Hi, I’m finding a problem with the code from the Hugging Face course, " Write your training loop in PyTorch" when the program runs the statement: optimizer.step(). I verified that the code is exactly the same as that in the Hugging Face video. I’d be grateful if anyone has a solution that can fix the issue.
The code is below:
from tqdm.auto import tqdm
progress_bar = tqdm(range(num_training_steps))
model.train()
for epoch in range(num_epochs):
for batch in train_dataloader:
batch = {k: v.to(device) for k, v in batch.items()}
outputs = model(**batch)
loss = outputs.loss
loss.backward()
optimizer.step() ← error occurs here. I got same error on Google Colab & Intel server w/GPU)
lr_scheduler.step()
optimizer.zero_grad()
progress_bar.update(1)
This is the Runtime Error trace from Google Colab:
RuntimeError Traceback (most recent call last)
in <cell line: 6>()
10 loss = outputs.loss
11 loss.backward()
—> 12 optimizer.step()
13 lr_scheduler.step()
14 optimizer.zero_grad()
3 frames
/usr/local/lib/python3.10/dist-packages/torch/optim/lr_scheduler.py in wrapper(*args, **kwargs)

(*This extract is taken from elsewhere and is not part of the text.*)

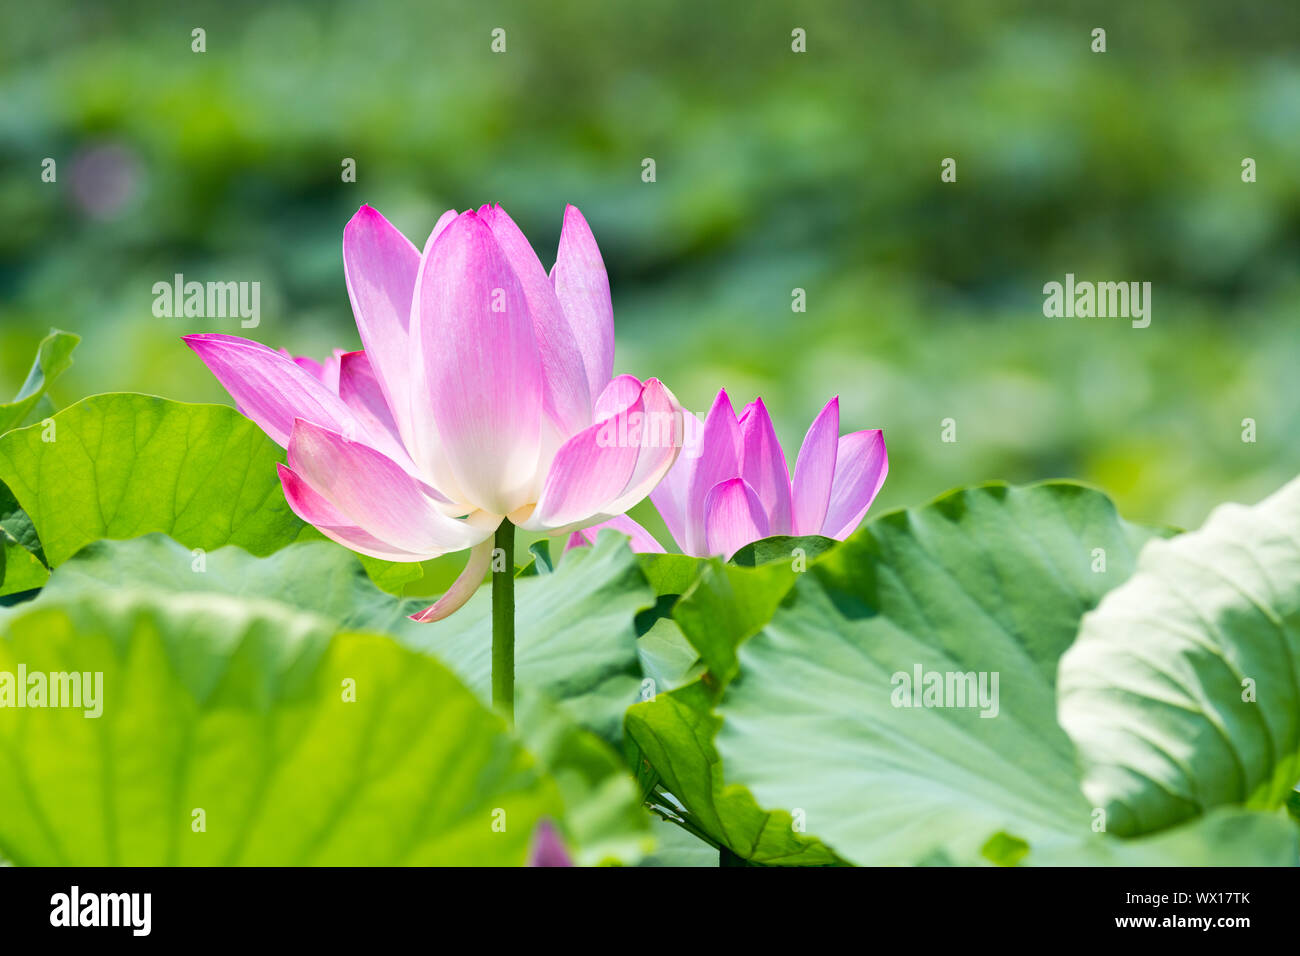 lotus flower bloom in summer Stock Photo

73 instance._step_count += 1
74 wrapped = func.get(instance, cls)
—> 75 return wrapped(*args, **kwargs)
76
77 # Note that the returned function here is no longer a bound method,
/usr/local/lib/python3.10/dist-packages/torch/optim/optimizer.py in wrapper(*args, **kwargs)
383 )
384
→ 385 out = func(*args, **kwargs)
386 self._optimizer_step_code()
387
/usr/local/lib/python3.10/dist-packages/torch/utils/_contextlib.py in decorate_context(*args, **kwargs)
113 def decorate_context(*args, **kwargs):
114 with ctx_factory():
→ 115 return func(*args, **kwargs)
116
117 return decorate_context
/usr/local/lib/python3.10/dist-packages/transformers/optimization.py in step(self, closure)
574 # Decay the first and second moment running average coefficient
575 # In-place operations to update the averages at the same time
→ 576 exp_avg.mul_(beta1).add_(grad, alpha=(1.0 - beta1))
577 exp_avg_sq.mul_(beta2).addcmul_(grad, grad, value=1.0 - beta2)
578 denom = exp_avg_sq.sqrt().add_(group[“eps”])
RuntimeError: Expected all tensors to be on the same device, but found at least two devices, cuda:0 and cpu!